Clara Barton’s dress was so simple that no one tried to follow her fashion. Alice Hubbard.

For personal adornment Clara Barton cared little, choosing green dresses in her youth; and ornaments of bright red, for cheer, in her older years. Corra Bacon-Foster, Author.

Dress changes manners. Voltaire.

Eat to please thyself, but dress to please others. Franklin.

Ridiculous modes, invented by ignorance, and adopted by folly.

Smollett.

To live to dress well indicates a fool. Dr. A. E. Winship.

The plainer the dress with greater luster does beauty appear.

Lord Fairfax.

Beauty, like truth, never is so glorious as when it goes plainest.

Sterne.

Those who think that, in order to dress well, it is necessary to dress extravagantly, make a great mistake. Nothing so well becomes feminine beauty as simplicity. George D. Prentice.

A plain, genteel dress is more admired and obtains more credit than lace and embroidery, in the eyes of the judicious and sensible.

George Washington.

Elizabeth, who died the happy owner of 3,000 dresses, issued a solemn proclamation against extravagance in dress.

George William Curtis.

loveliness

Needs not foreign aid of ornament,

But is, when unadorned, adorned most.

Thomson—Autumn.

We sacrifice to dress till household joys and comforts cease.

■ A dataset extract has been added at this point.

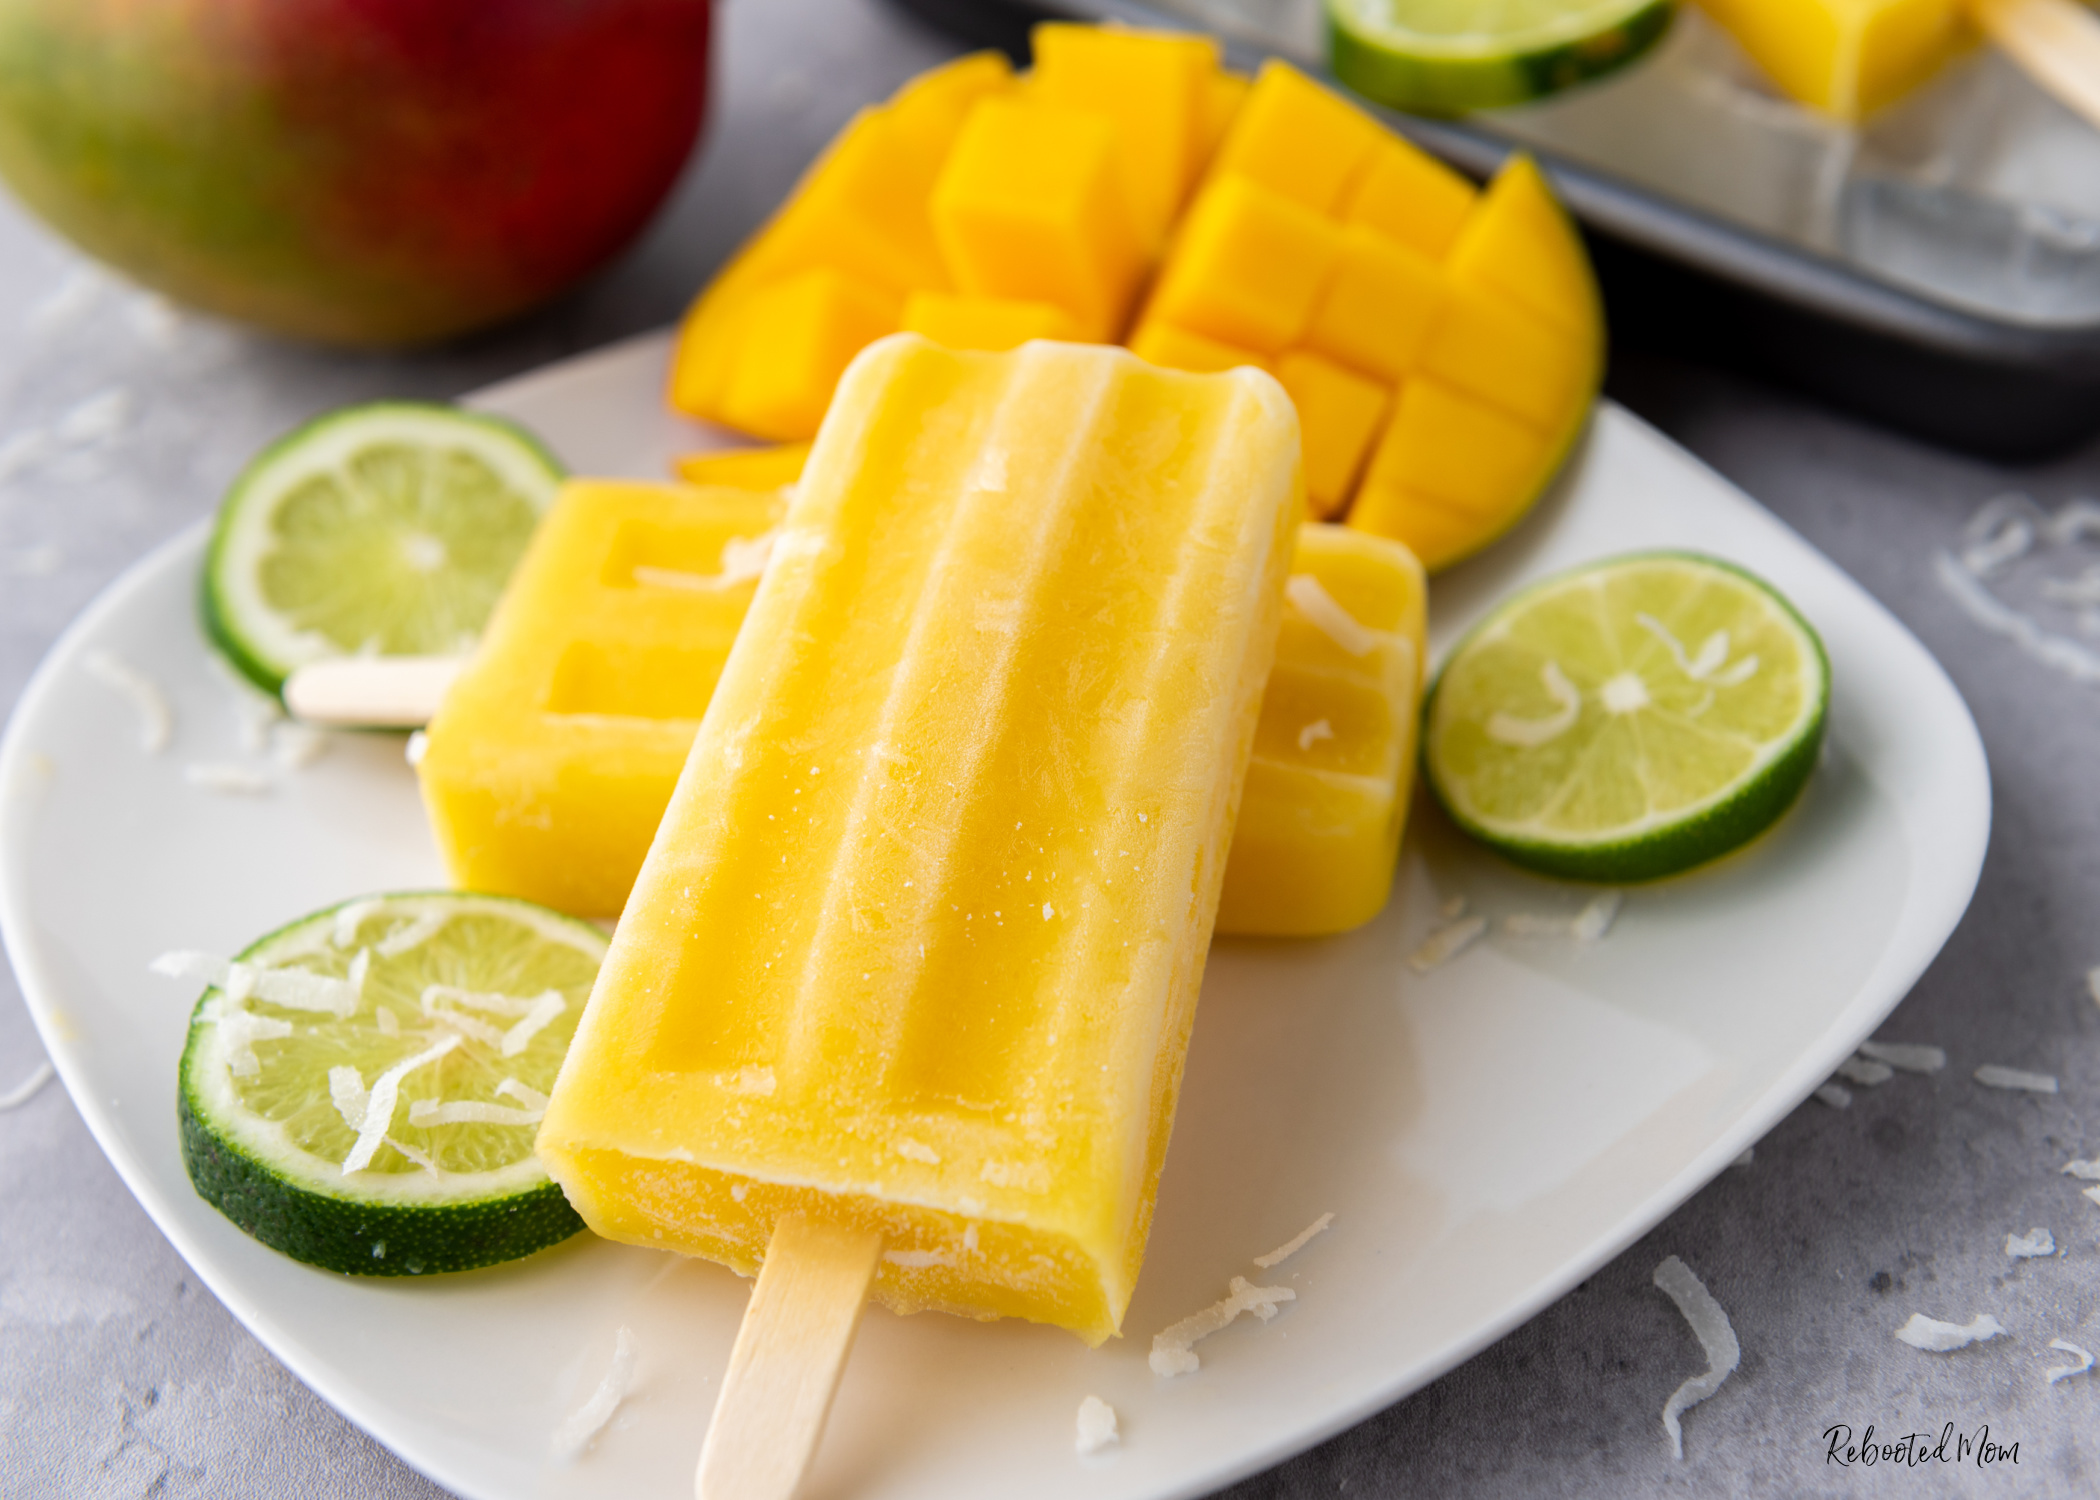 Mango Coconut Lime Popsicles that come together in mere minutes with four simple ingredients to make a treat that's absolutely out of this world delicious!

Dress drains our cellar dry and keeps our larder lean. Cowper.

The dress that shows taste and sentiment is elevating to the home, and is one of the most feminine means of beautifying the world.

Miss Oakey.

A lady of genius will give a genteel air to her whole dress by a well fancied suit of knots, as a judicious writer gives to a whole sentence by a single expression. Gay.

A rich dress is not worth a straw to one who has a poor mind.

Az Zubaidi.

’Tis the mind that makes the body rich. Shakespeare.

I wear what I want to. Clara Barton.